Wir nehmen es erst einmal als ASCII-Zeichen und somit als *Wildcard. Und nein - die 74.117.176.0/24 schauen wir uns erst später an.


----------



## Aka-Aka (25 Juni 2013)

Ist 'ne lustige Geschichte, aber wohl längst erzählt. Aber manchmal kommen Geschichten zurück.


> en face
> le pire
> jusqu'à ce
> qu'il fasse rire


flötete einst Samuel Beckett - und mit seinen Worten flöte ich mal weiter...


> ce qu'a de pis
> le cœur connu
> la tête pu
> de pis se dire
> ...


Lesenswert:
http://home.arcor.de/berick/illeguan/beckett/becketts.htm

Hoppla, is ja hier gar net der Lyrikerthread...

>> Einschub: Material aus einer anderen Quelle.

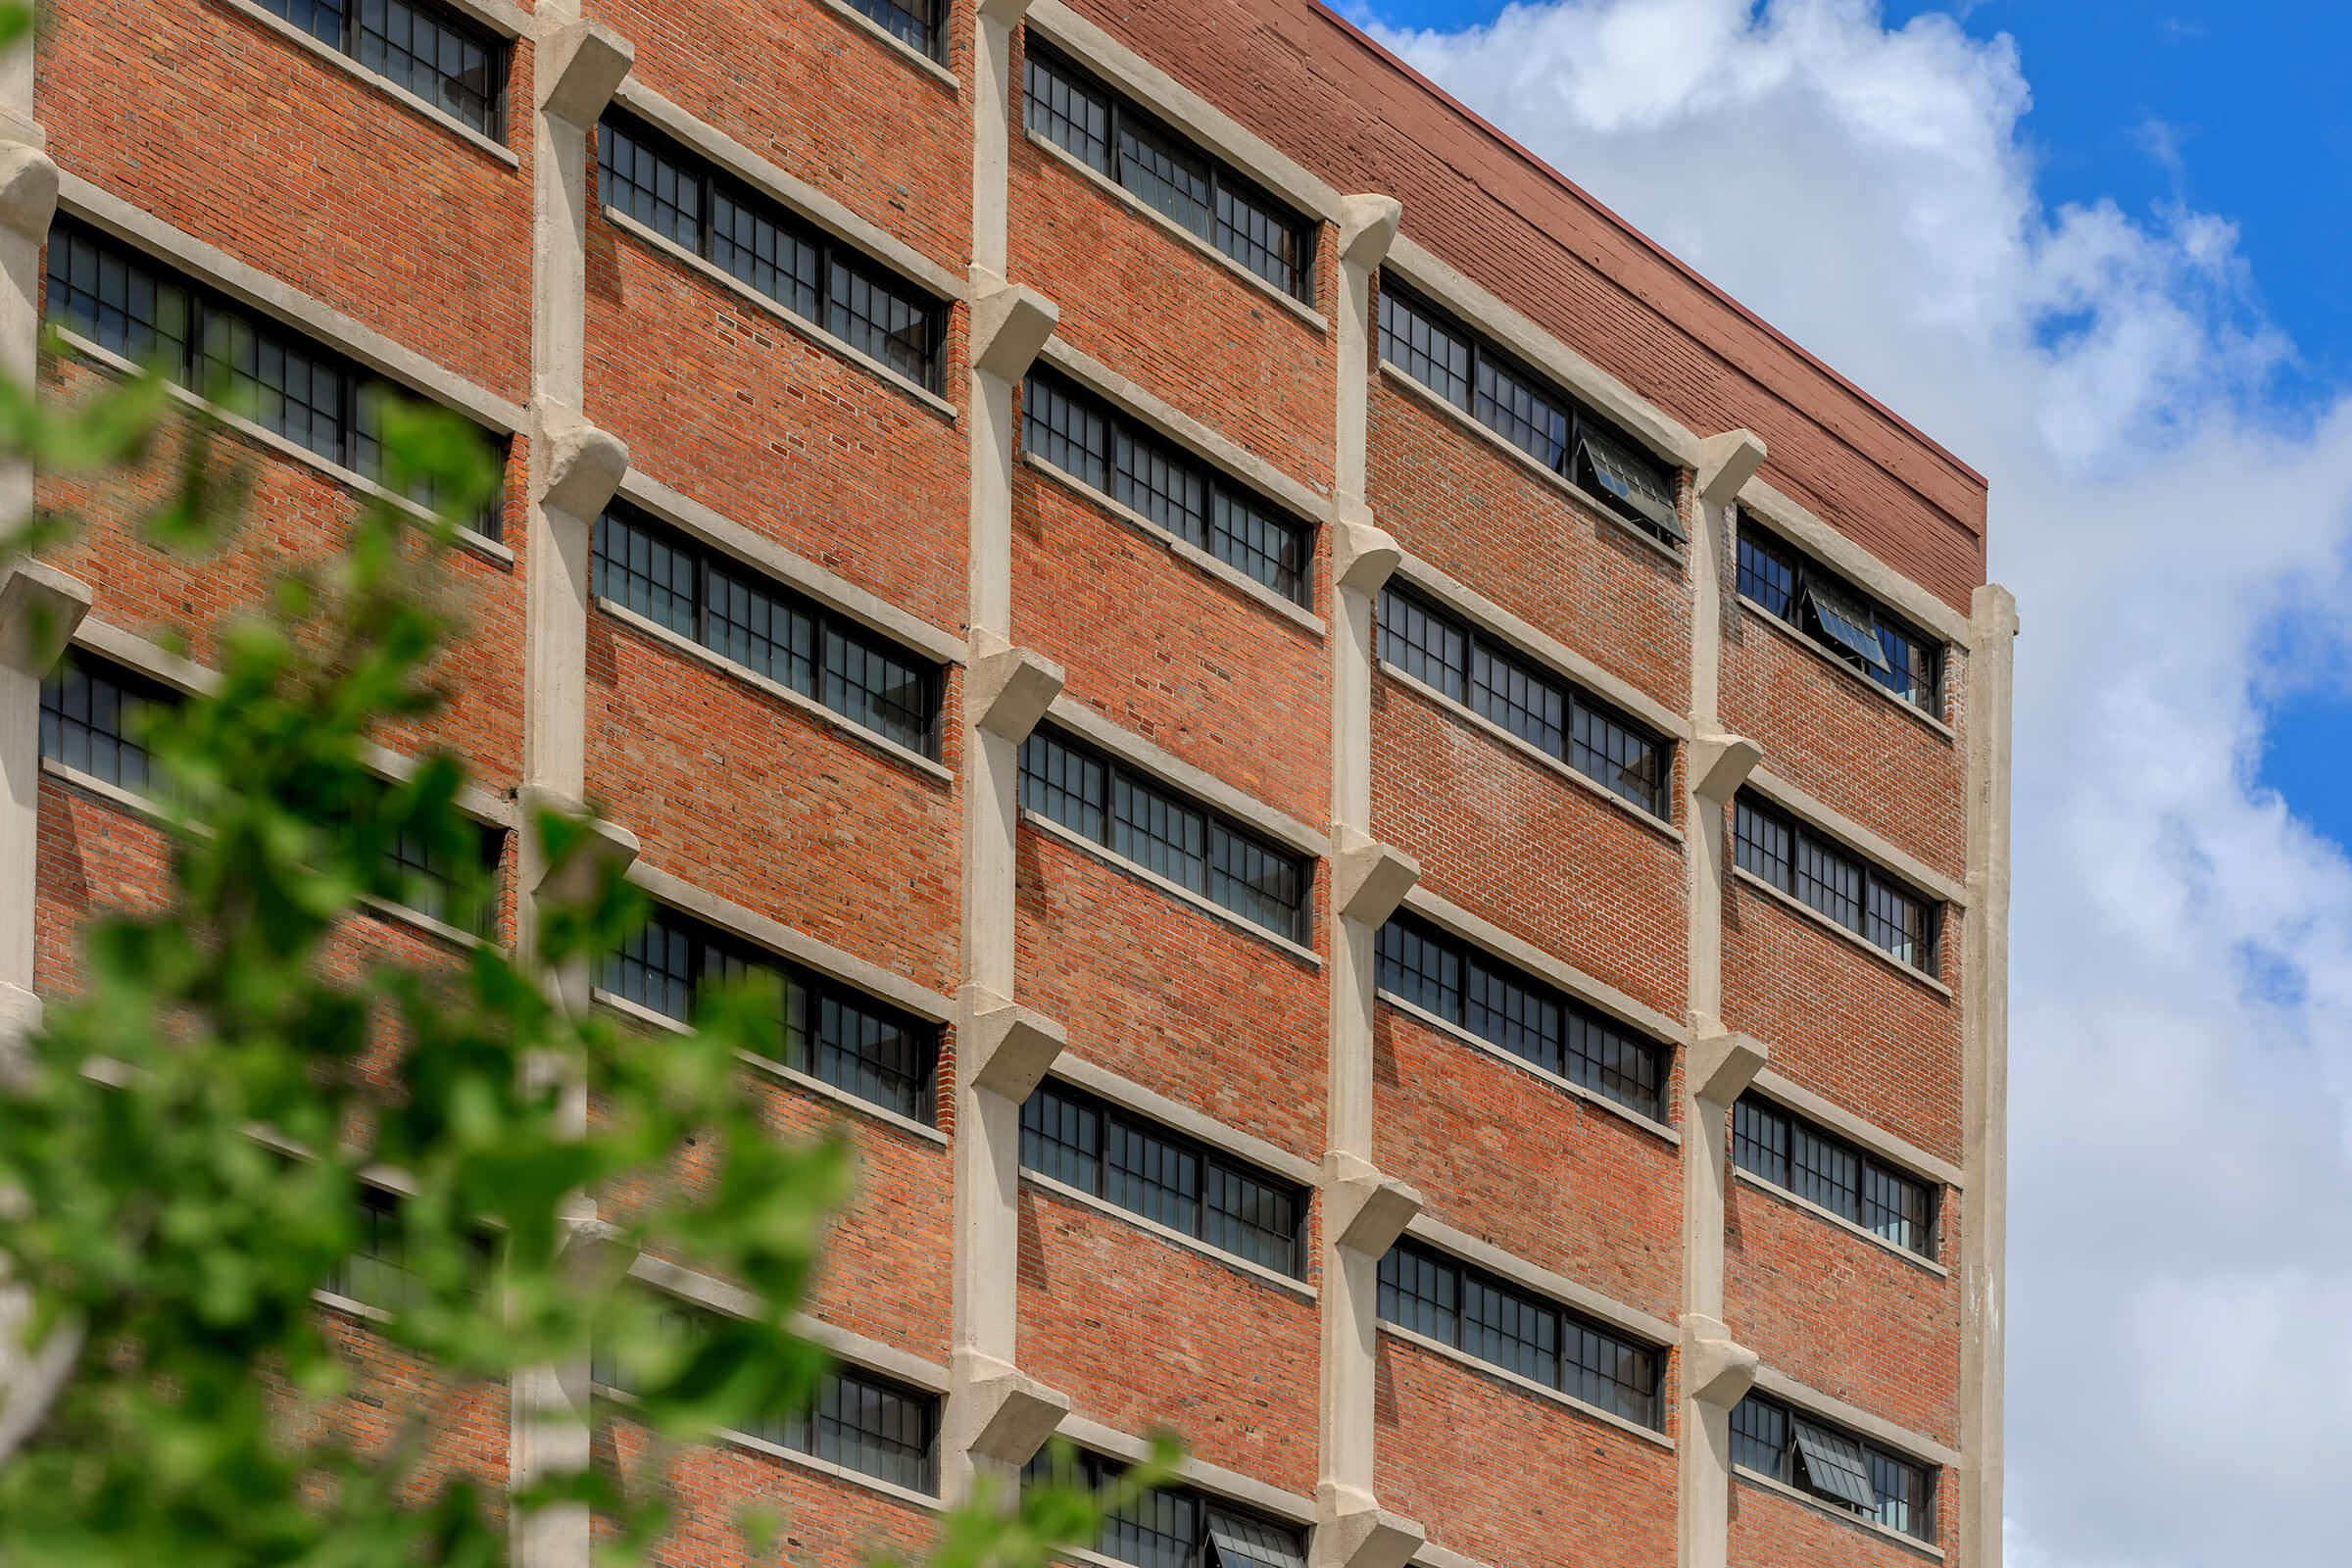 a tall brown brick building

MarketGID ist ein Trafficnetzwerk, das einen nicht besonders guten Ruf hatte, nicht nur deshalb, weil es ukrainischen Ursprungs ist, sondern u.a. auch, weil, wie man lesen kann, die abwandernden Ukrainern den anderen Ukrainern noch ein bisschen Code gestohlen haben (siehe hier, ist schon eine Weile her). Ukrainer beklauen Ukrainer, ja gibt's denn so 'was?

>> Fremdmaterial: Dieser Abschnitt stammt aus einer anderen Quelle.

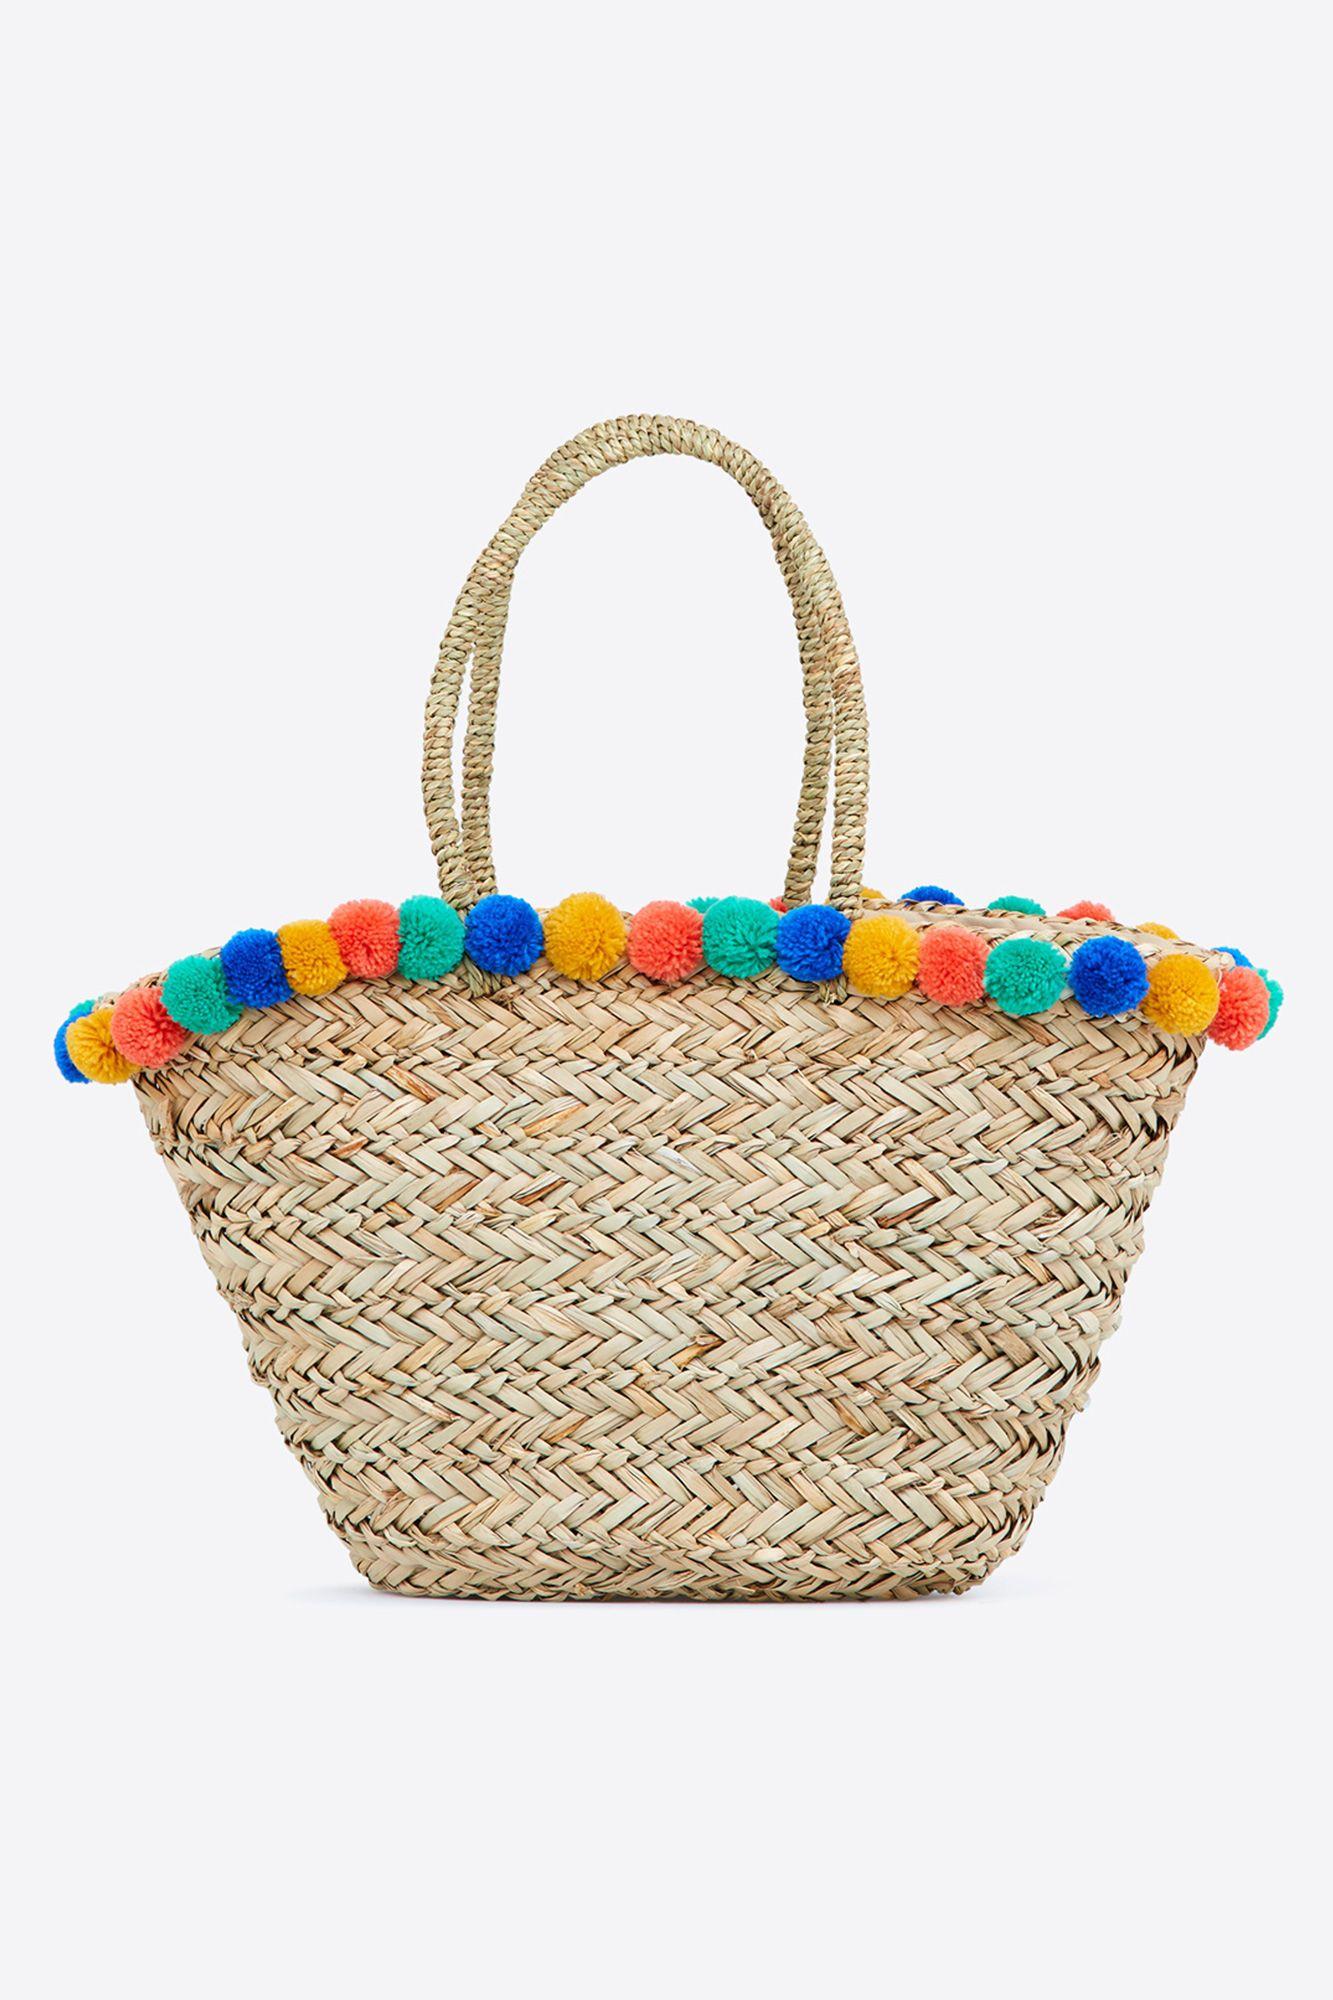 Bolso Capazo De Playa Baño Women Secret Women Accessories Straw Bag Bags

Danach gab's noch ein bisschen Gerichtsstress für die ukrainischen Neuamerikaner (siehe hier).
Wie genau da aktuell die Verhältnisse sind, konnte ich noch nicht wirklich klären, zuviel Schlamm in den ohnehin trüben Gewässern.
Wenn ich mir das alles so durchlese, fehlt mir da ein deutsches Wort: _Trafficwäsche_
Das Prinzip der _Trafficwäsche _gab es schon zu Dialerzeiten. Erinnert sich noch jemand an die schnuckeligen Startseiten von t-online oder freenet? Zwei klicks weiter landete man in den Fallgruben der Dialerräuber...
Trafficjunky, Trafficpumpe, Trafficshop - wer hat eigentlich die größte deutsche Traffic(wasch?)maschine?

Jaja, 42!
(Das passt schon allein deshalb so gut, weil ich auch die Frage vergessen habe, auf die die Antwort "MGID" lautet)

PS: Ach ja - die Formulierung des Threadtitels ist an die Werbelinks angelehnt, die die MGID verwendete ("wenn sie das verbotene Video der Frau sehen wollen, die ... klicken sie hier")


----------